My colleagues conclude that because the Bergmann opinion does not address a prisoner's waiver of the WIS. ADM. CODE § DOC 303.81(9) notice by failing to object to the lack at the disciplinary hearing, we are compelled by Saenz v. Murphy, 162 Wis. 2d 54, 469 N.W.2d 611 (1991), to accept the viability of waiver and excuse the Department's failure. I disagree.

*614 Saenz concerned a Department duty to "produce ... witnesses requested by the prisoner" at a disciplinary hearing. See Saenz, 162 Wis. 2d at 64, 469 N.W.2d at 615 (emphasis added). The Department's duty in Saenz was reactive and subject to waiver by Saenz. Here, the Department's duty is proactive. Anderson-El need not request that the Department follow its own carefully drafted, implemented, promulgated and then ignored notice rules. The option of following its own rule or repealing an unnecessary rule is with the Department. I respectfully dissent and would affirm.

NOTES

[†] Petition to review gramted.

[1] The decision also addressed certain challenges raised by Anderson-El regarding other conduct reports. With respect to those additional arguments, the circuit court vacated one charge in Conduct Report No. 797032 and affirmed a decision of the disciplinary committee relating to Conduct Report No. 813063. Neither of these rulings is at issue in this case.

[2] WISCONSIN ADM. CODE § DOC 303.76 governs hearing procedures for major violations. As to notice, it provides in relevant part:

(1) NOTICE. When an inmate is alleged to have committed a major violation and the security director or designee has reviewed the conduct report pursuant to s. DOC 303.67, a copy of the approved conduct report shall be given to the inmate within 2 working days after its approval....

. . . . (3) TIME LIMITS. A due process hearing shall be held no sooner than 2 working days or later than 21 days after the inmate receives a copy of the conduct report and hearing notice. An inmate may waive these time requirements in writing if the security director agrees to the waiver. The inmate may request additional time to prepare for the hearing, and the security director shall grant the request unless there is a good reason to deny it.

[3] Although the Department argued waiver under Saenz v. Murphy, 162 Wis. 2d 54, 469 N.W.2d 611 (1991), the circuit court's written decision did not expressly address this issue.

[4] We note that our holding is consistent with previous holdings of this court on the same issue. See, e.g., State ex rel. Brooks v. Cooke, No. 98-0489, unpublished order (Wis. Ct. App. July 1, 1998) (holding that inmate waived objection to lack of notice under WIS. ADM. CODE § DOC 303.81(9) by failing to raise issue at the disciplinary hearing); State ex rel. Casas v. Smith, No. 98-0578, unpublished slip op. (Wis. Ct. App. Oct. 8, 1998) (holding that inmate waived right to raise lack of notice by failing to raise the issue before the adjustment committee).

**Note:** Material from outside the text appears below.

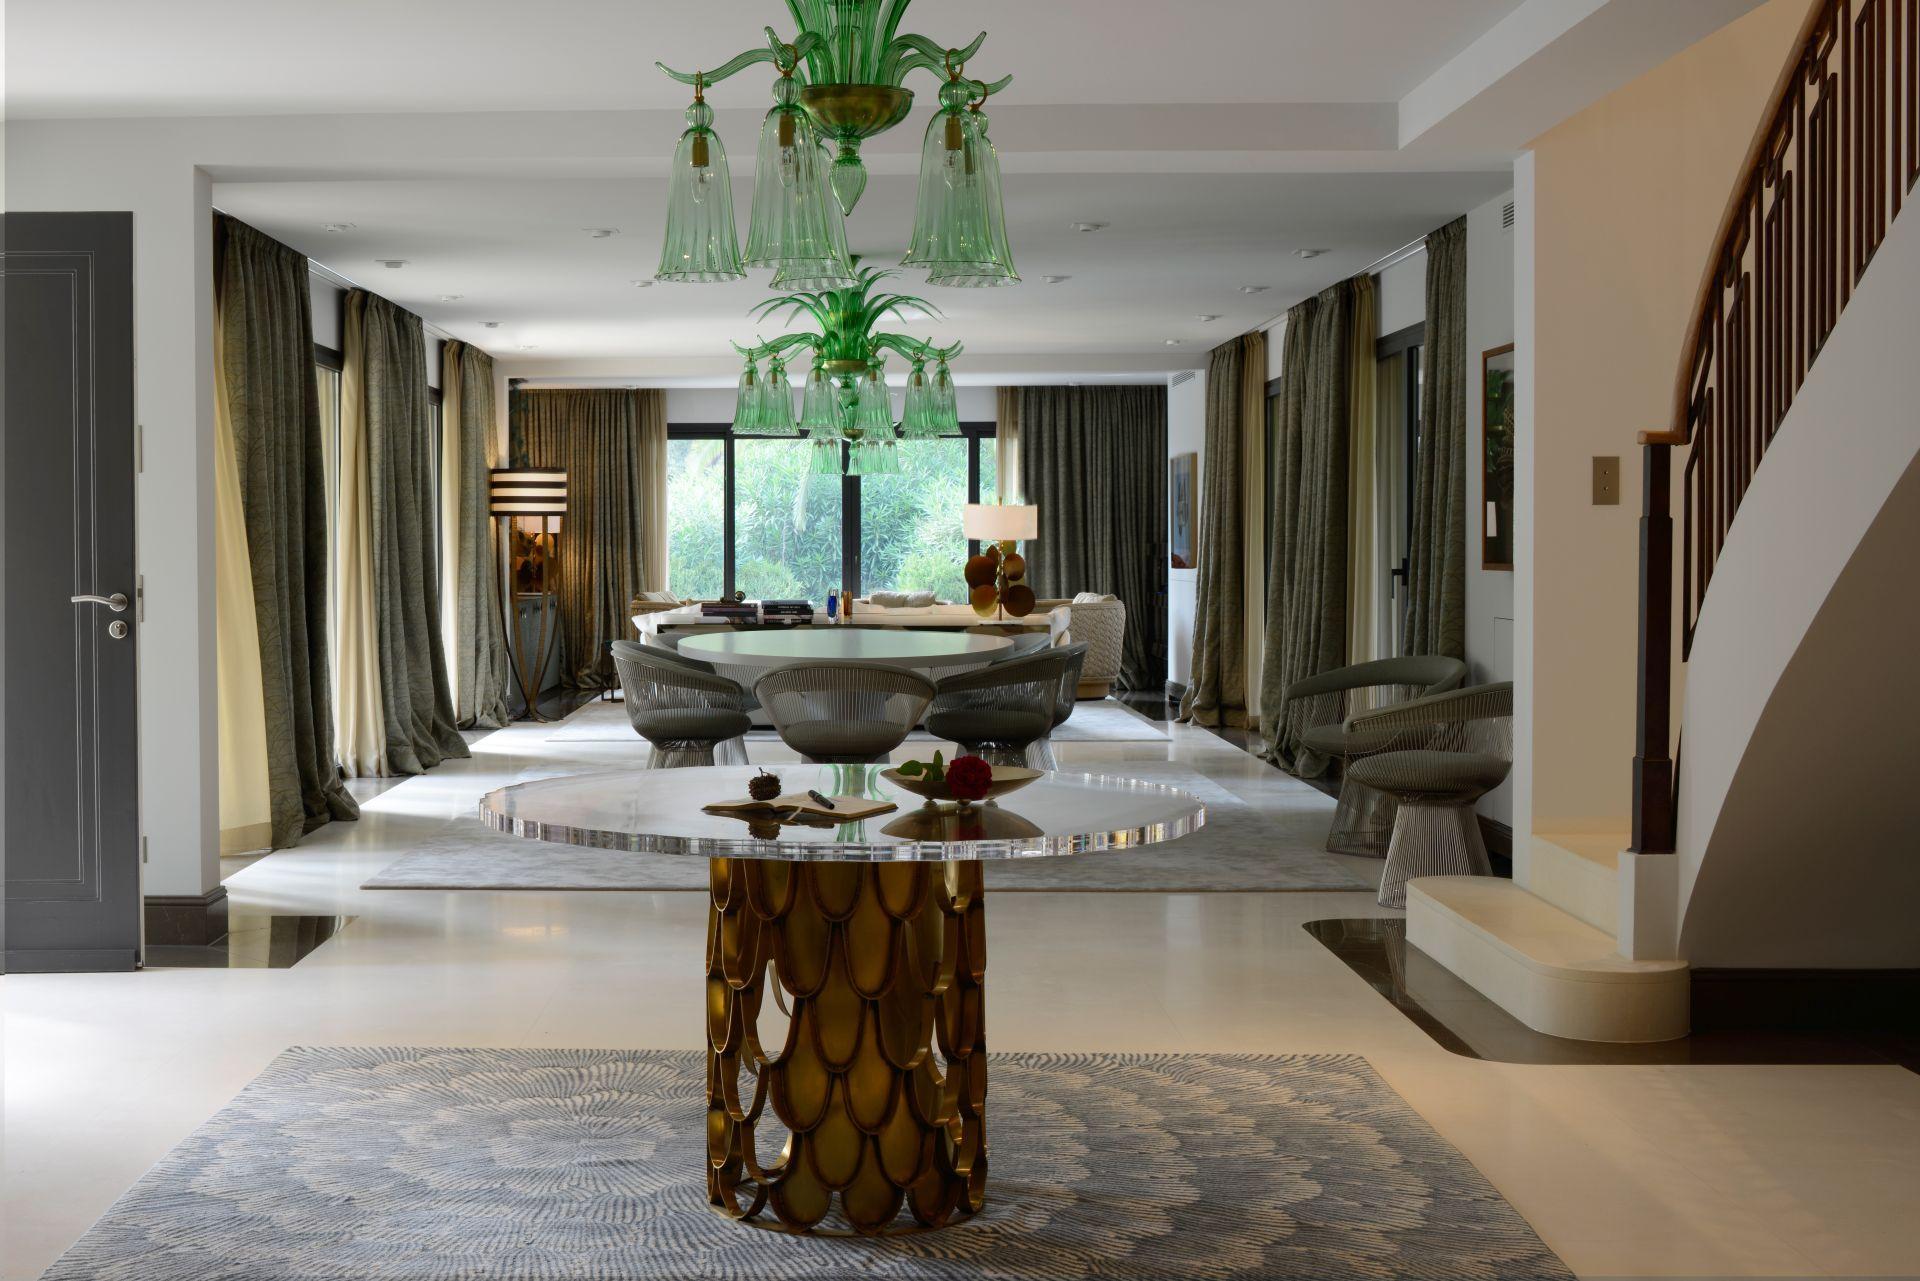 Interior Design By Davide Rizzo In South France

Given our decision, we need not address the Department's further contention that the absence of the second notice did not detract from a fair hearing. See Sweet v. Berge, 113 Wis. 2d 61, 67, 334 N.W.2d 559, 562 (Ct. App. 1983). Nor need we address Anderson-El's challenge to the Department's notice under WIS. ADM. CODE § DOC 303.76 raised in his reply brief. See Sweet, 113 Wis. 2d at 67, 334 N.W.2d at 562; see also Swartwout v. Bilsie, 100 Wis. 2d 342, 346 n.2, 302 N.W.2d 508, 512 (Ct. App. 1981) (we generally will not address issues raised for the first time in a reply brief).

[1] Missing from this discussion is the reason why the Department concluded that a second hearing notice was necessary. The Department's waiver argument suggests that it promulgated an unnecessary notice requirement. The 246-page code, see WIS. ADM. CODE ch. DOC 302-350, is already of substantial prominence in the allocation of judicial resources and this court should carefully review any contention that a self-executing procedural rule an agency has imposed upon itself is superfluous.